- GIVEN RECORDS:

★ ★ ★ ★ ★

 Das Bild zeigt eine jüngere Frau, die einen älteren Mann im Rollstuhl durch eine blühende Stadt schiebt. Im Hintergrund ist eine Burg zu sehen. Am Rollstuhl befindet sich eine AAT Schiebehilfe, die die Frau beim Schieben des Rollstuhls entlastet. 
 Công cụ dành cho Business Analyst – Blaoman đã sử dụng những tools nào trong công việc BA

★ ★ ★ ★ ★

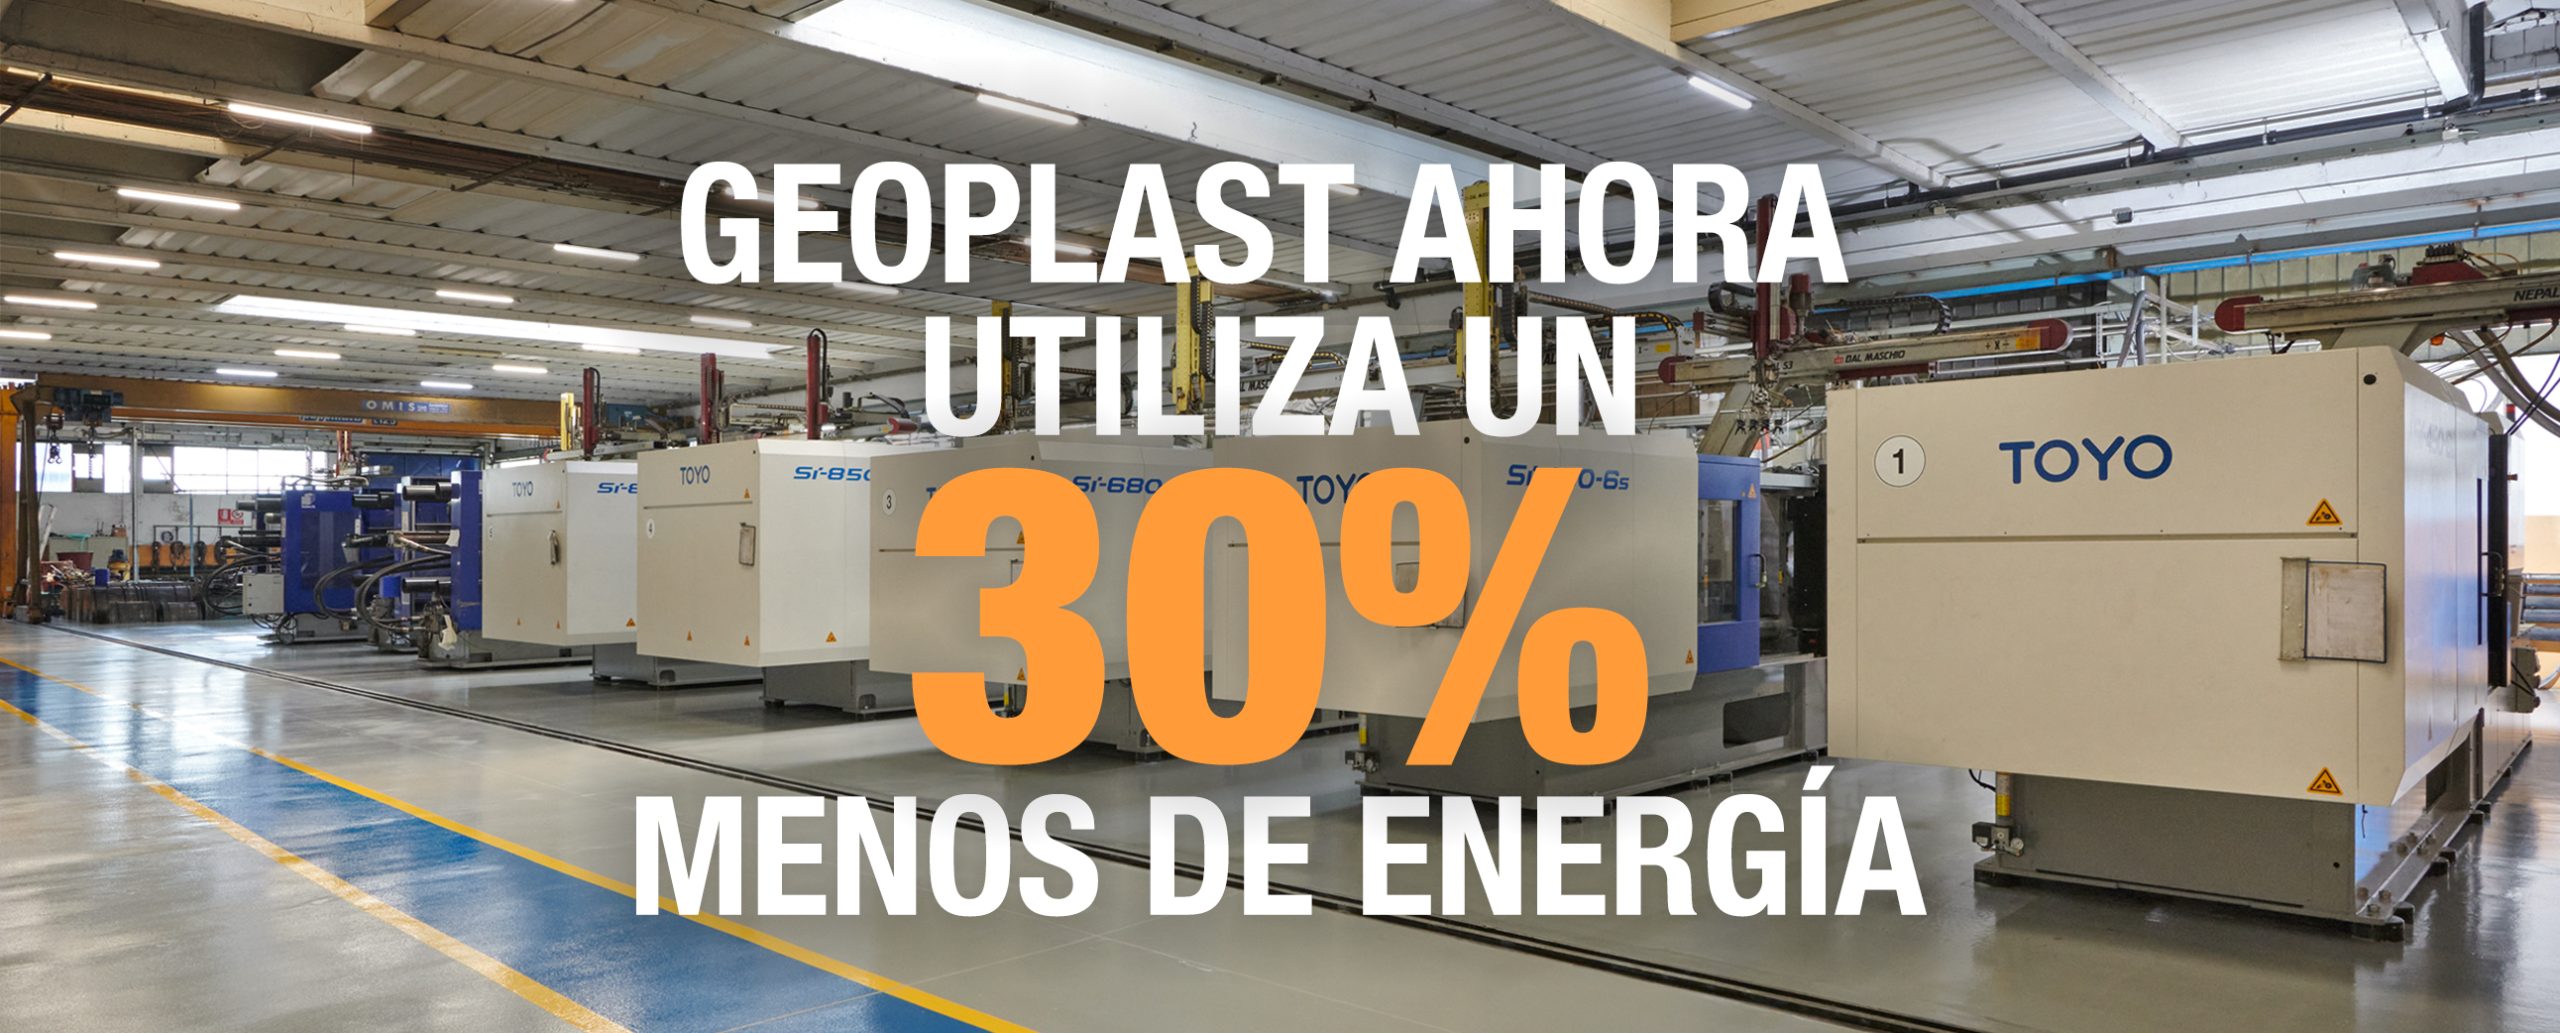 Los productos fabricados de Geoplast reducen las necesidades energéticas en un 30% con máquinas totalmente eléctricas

★ ★ ★ ★ ★

- EXERCISE INSTRUCTIONS: Reproduce exactly the lines above from the line with "Das Bild zeigt" to the line with "Công cụ dành", including both, and add nothing.

- TASK SOLUTION:
 Das Bild zeigt eine jüngere Frau, die einen älteren Mann im Rollstuhl durch eine blühende Stadt schiebt. Im Hintergrund ist eine Burg zu sehen. Am Rollstuhl befindet sich eine AAT Schiebehilfe, die die Frau beim Schieben des Rollstuhls entlastet. 
 Công cụ dành cho Business Analyst – Blaoman đã sử dụng những tools nào trong công việc BA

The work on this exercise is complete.